In this collection, we have (nb_entries(time_series_covid19_confirmed_global.csv) + nb_entries(time_series_covid19_confirmed_global.csv)) * number_days.

Dabatase covid19jhu

This database contains the raw CSV files imported with the mongoimport tool.

This database is updated by the 1-mongoimport-everything.sh in the data-import folder.

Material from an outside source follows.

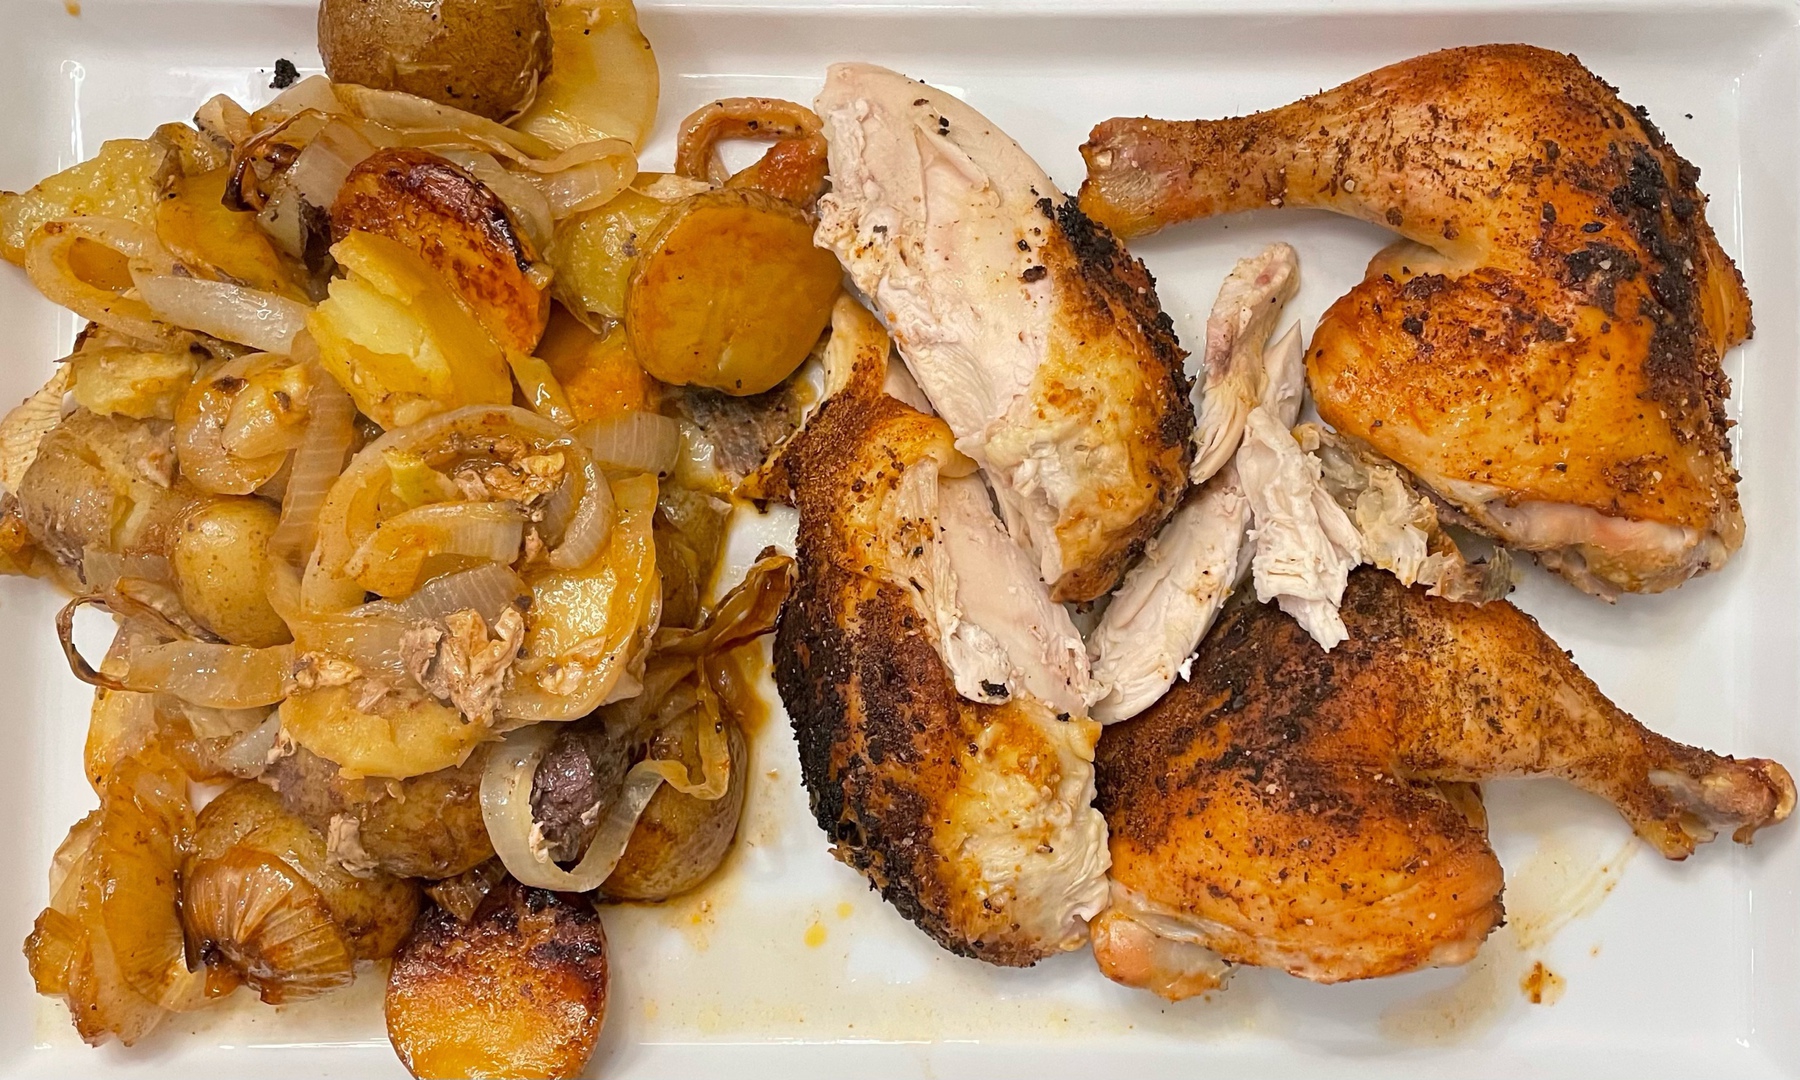 Whole chicken cooked and butchered into parts alongside potatoes and onions

This script imports all the files matching these names with wildcards:

  • jhu/csse_covid_19_data/csse_covid_19_daily_reports/*.csv
  • jhu/csse_covid_19_data/csse_covid_19_daily_reports_us/*.csv
  • jhu/csse_covid_19_data/csse_covid_19_time_series/*.csv
  • jhu/csse_covid_19_data/UID_ISO_FIPS_LookUp_Table.csv

And it creates these collections:

  • Errata
  • UID_ISO_FIPS_LookUp_Table
  • daily
  • daily_us
  • time_series_covid19_confirmed_US
  • time_series_covid19_confirmed_global
  • time_series_covid19_deaths_US
  • time_series_covid19_deaths_global
  • time_series_covid19_recovered_global

Note: These collections are not clean and the schema designs are not great to work with because they come from raw and flat CSV files but at least they contain exactly what JHU is delivering.